According to recent reports, Apple will enter the movie rental business in the immediate future—a lower-priced, more consumer-friendly alternative to the more challenging movie selling business it has been trying with iTunes since last year. Consumers, goes the logic, generally watch movies once or twice, and don’t have a need to pay full price to own a film; they’d prefer to pay less, enjoy a quick viewing, then get rid of the video.

The appeal of Apple’s iTunes Store as a conduit for movie rentals is obvious. iTunes is already installed on tens of millions of computers, and Apple has used it to successfully sell billions of songs and millions of videos. There is a large, established customer base waiting for more digital video content, and demonstrably willing to pay reasonable prices to get it.

More importantly, unlike almost any competitor, Apple has a complete infrastructure in place to handle video distribution. It offers services that successfully manage the entire process, from movie encoding and protection to catalog browsing and order transaction to high-speed fulfillment and optimized display on a screen. And it sells desktop, laptop, pocket, and living room hardware capable of performing the video. With modest exceptions, it all works. And though adding the concept of “rental” to the system involves a number of technical challenges, no one doubts that Apple will hurdle them without breaking a sweat.

Assuming an iTunes video rental system will happen—and we do—what’s most interesting to us is the value it will bring to individual consumers, movie companies, Apple, and the marketplace as a whole. Here are a few thoughts on those topics.

* Individual Consumers: Blockbuster Video and NetFlix are currently the biggest players in the video rental business, and depend substantially upon physical DVDs and physical transportation (cars or US Postal Service trucks) for fulfillment and returns. Digital video distribution removes DVD inventory and shipping costs, transforming the old physical fulfillment process into a three-click system: open iTunes’ video section, select your video, and press the rental button. You can do this without leaving your home, and there’s no disc to ship back and forth to a store. Within seconds of picking your movie, you can be watching it, and within seconds of finishing it, you can “return it” without lifting a finger—assuming that the videos automatically expire.

* Movie Companies: Movie companies currently need to make significant manufacturing estimates and investments in order to distribute their videos to consumers: how many discs will people buy? Rent? Copy? Send out over the Internet without permission? With a digital distribution system—at least, one backed by good copy protection—piracy diminishes, as do the significant costs of manufacturing, packaging, and price-adjusting discs that may or may not be sold. A video can be rented an infinite number of times without degradation of the media, and copies can conceivably be stopped, or at least tracked. Profits become easier to measure, as they’re not offset by physical cost-related expenses and deferred losses. And, best of all, these profits are in addition to whatever the companies are currently making from traditional video rentals; as the market shifts from physical to digital distribution, the movie companies can benefit immediately, rather than leaving money on the table or struggling to build their own competing systems.

* Apple: The appeal for Apple as a middleman—neither the movie maker, nor the end consumer—is somewhat obvious, and somewhat complex.
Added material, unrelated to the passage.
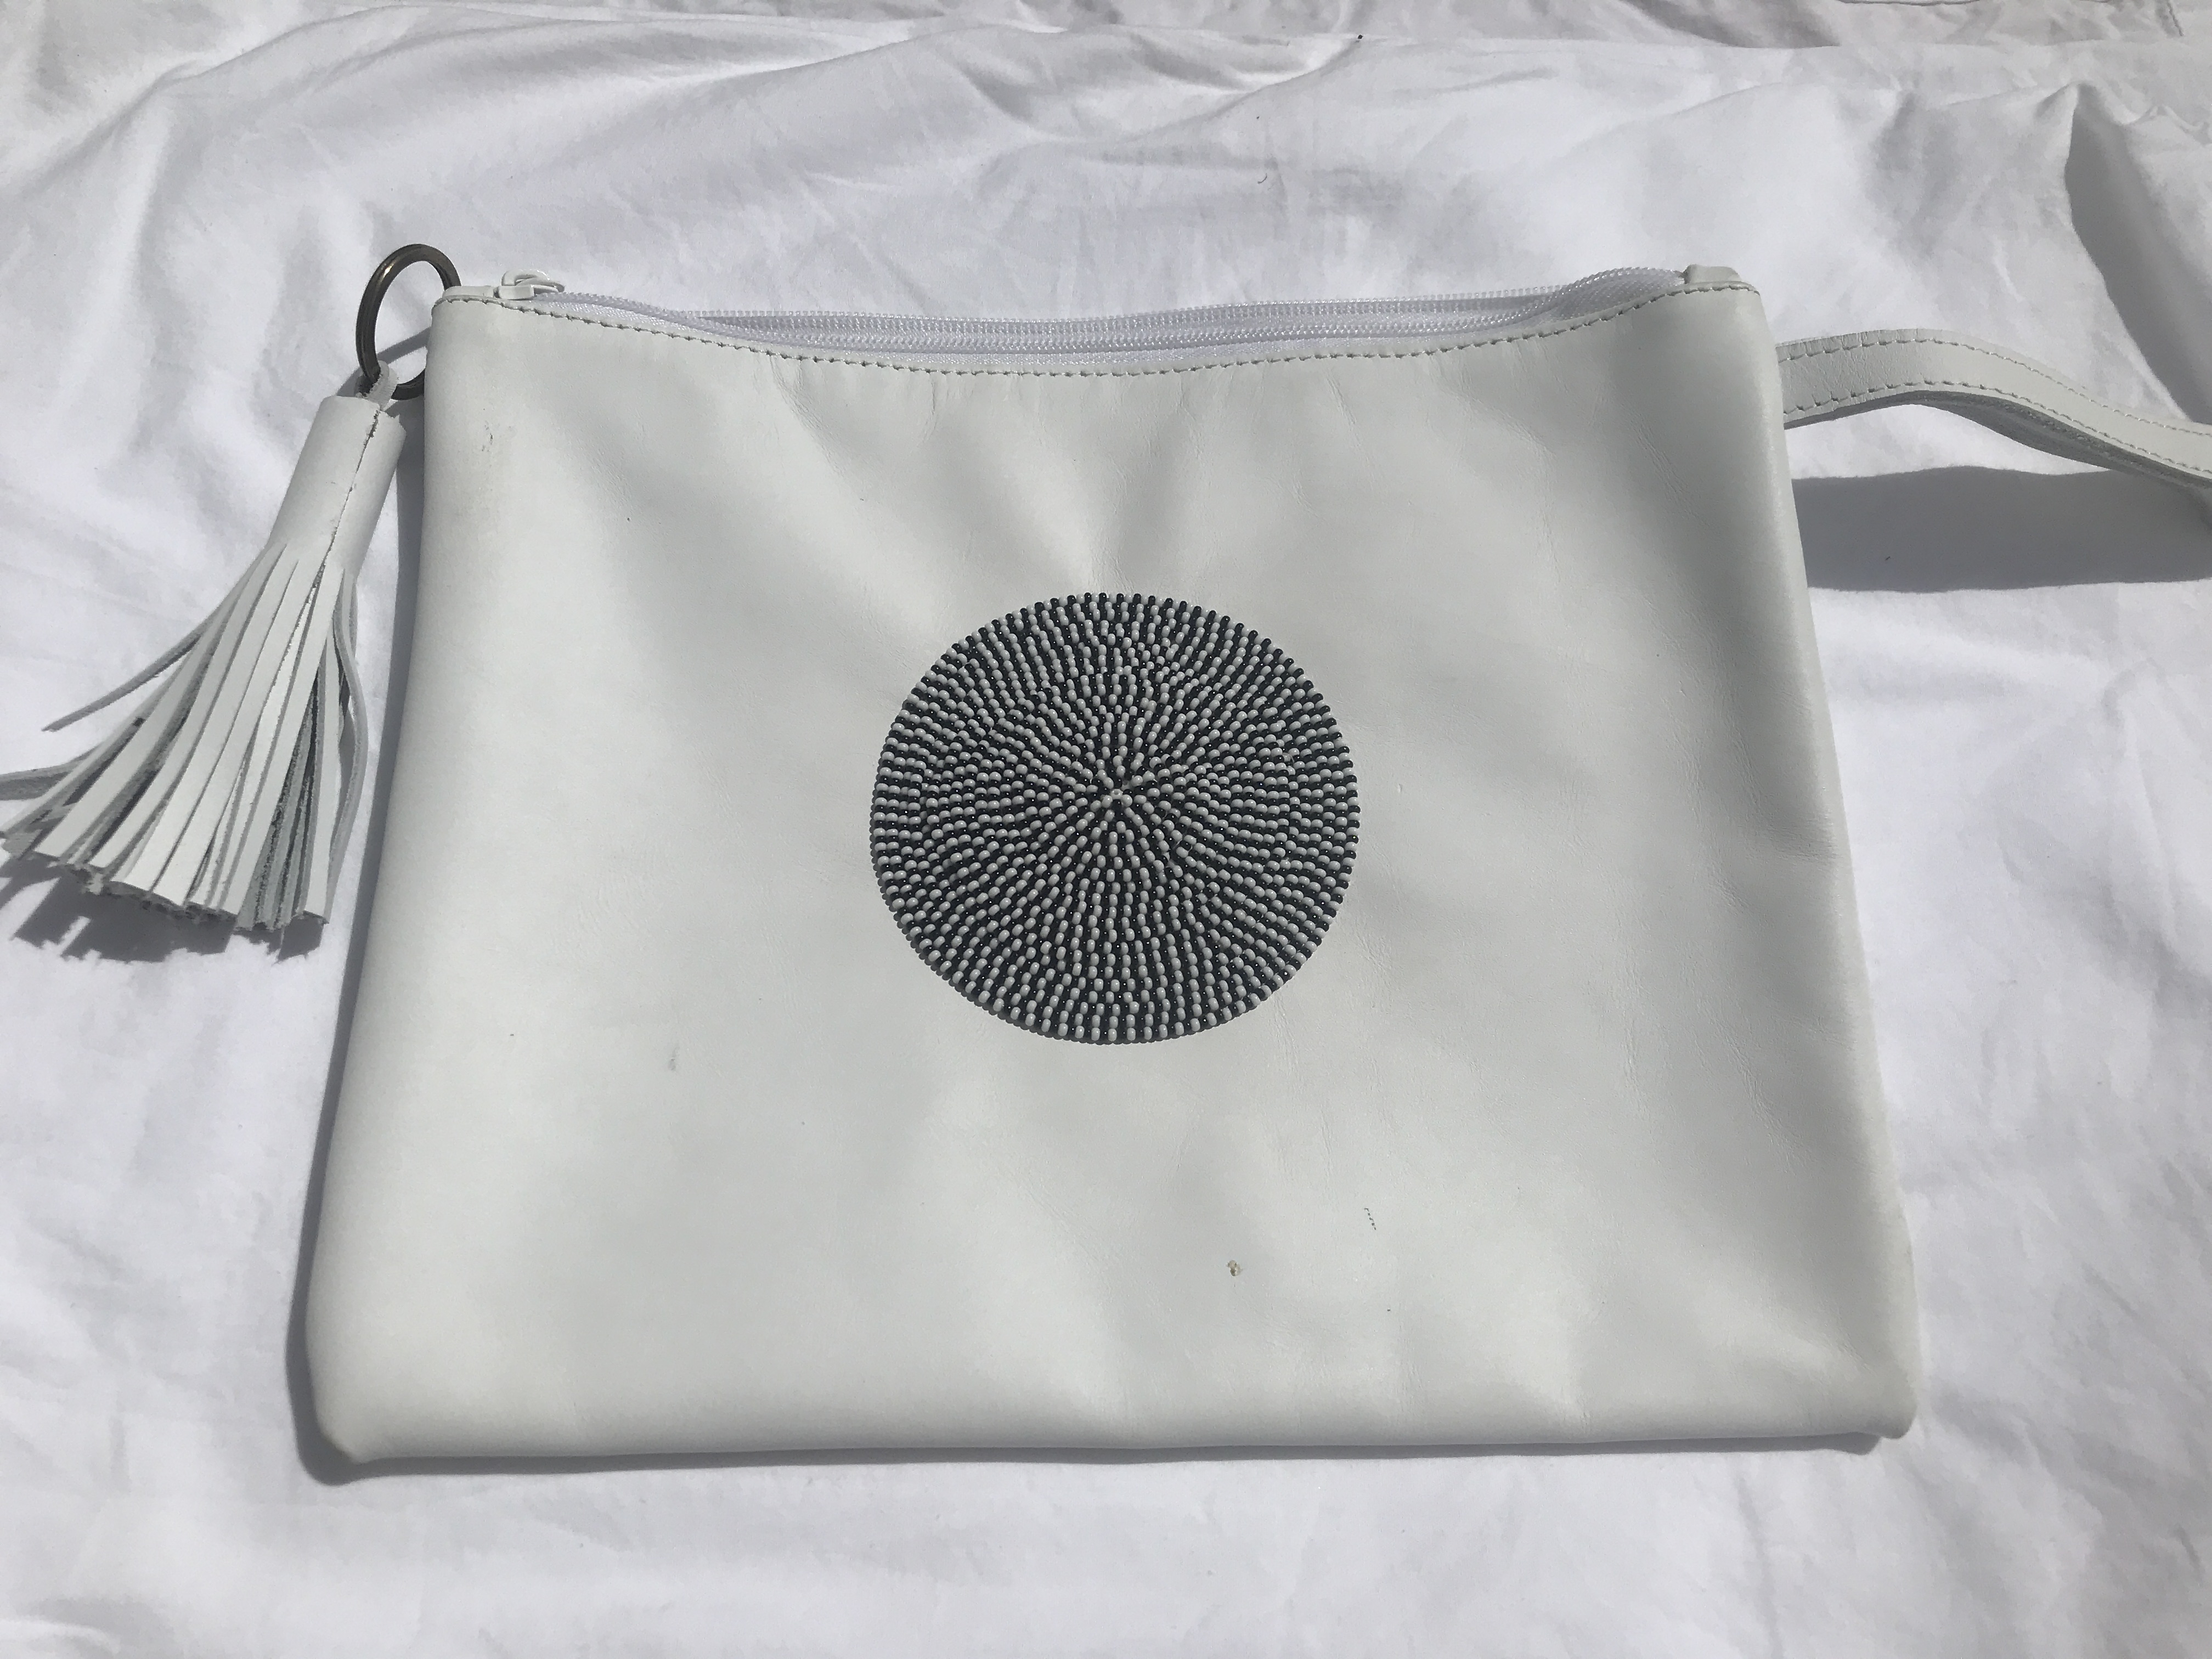 Ipad Leather bag -white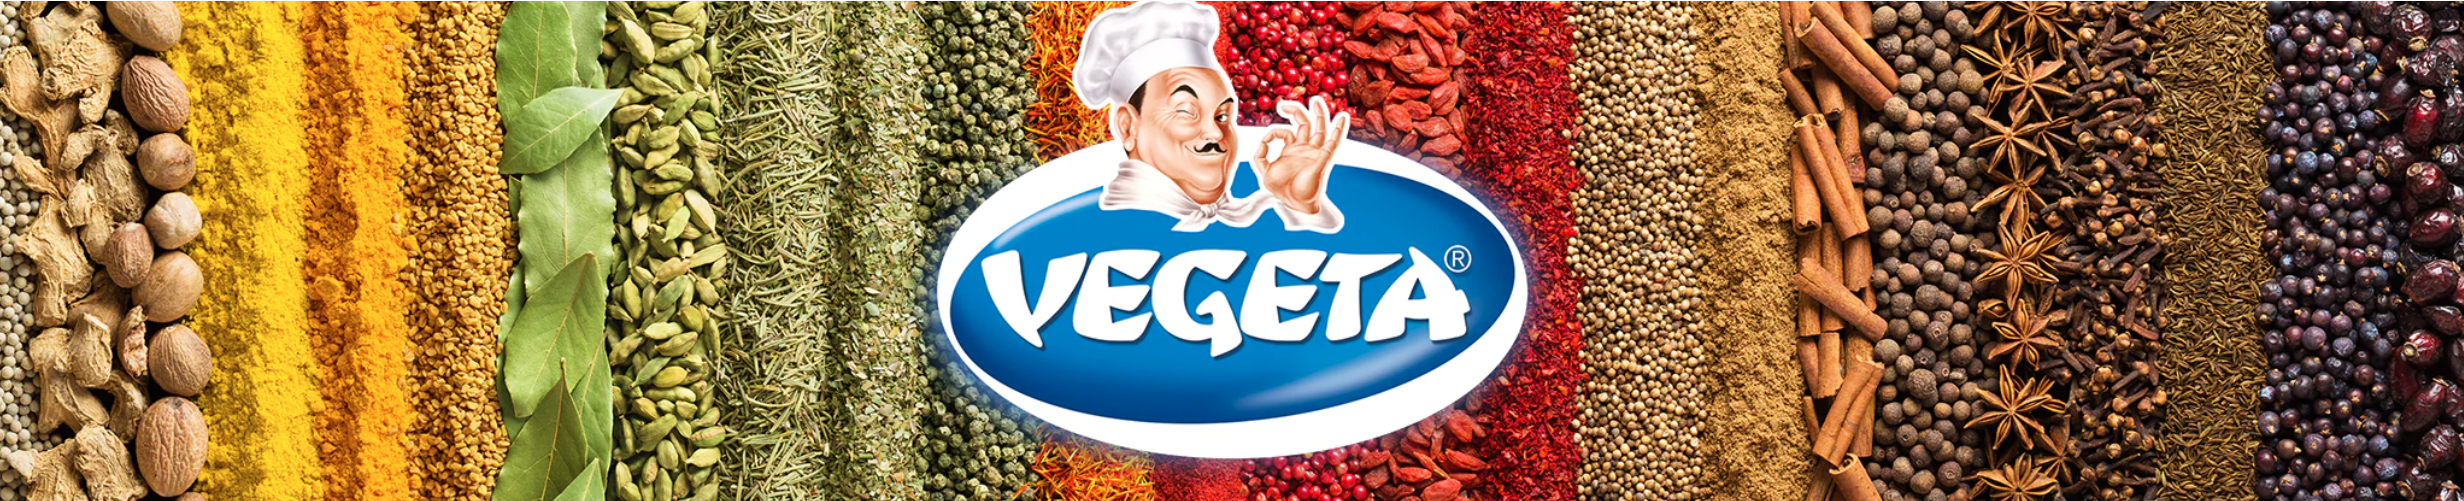 Vegeta Seasoning - Global Imports & Exports Wholesale

It goes without saying that Apple will make at least a little money on every transaction, and benefit from having its preferred media and DRM standards widely adopted. Sales of devices compatible with the movie rental service will increase, as they will have just that much added value to consumers. And products such as the Apple TV, which currently have very limited mainstream appeal, will become more useful thanks to the presence of additional compatible content.

*The Marketplace: The marketplace for video content will benefit in a number of ways from increased competition. Companies such as Blockbuster and NetFlix are already feeling the pressure to offer digital downloads as an alternative to physical rentals, and other companies are entering the digital download market in an attempt to stake a claim on an emerging business. As of today, despite efforts from companies such as Amazon.com and TiVo, the downloading process is more complicated and limited than it needs to be—acquiring movies through the TiVo/Amazon partnership, for instance, is very slow and requires extra steps—and Apple’s entrance into this market will help push other companies to streamline and improve their offerings, as well as offering superior pricing. There is also the real prospect that video quality will improve as well, if the videos rented by Apple are available at better-than-DVD-quality resolutions.

Of course, there are still some questions. Which studios will offer videos through the iTunes Store? How will rentals be priced? Will they play on every video-ready iPod, iPhone, and Apple TV, or be limited in some way? How long will the rental period last? Will there be an incentive to buy a video you’ve just rented? And what sort of quality will the videos (and their audio tracks) actually offer—sub-DVD like current iTunes Store downloads, equivalent to DVD, or better than DVD—like Blu-Ray or HD-DVD quality? These factors, and others, will obviously impact the appeal of video rental offerings, but it’s our guess that Apple will be making smart trade-offs to grow this new business.

There is little doubt in our minds that a reasonably priced iTunes video rental service will be a good thing for virtually everyone—except Apple’s most vocal competitors. Over the next month, we’d expect to hear more details about Apple’s partners, pricing, quality and limitations. Stay tuned.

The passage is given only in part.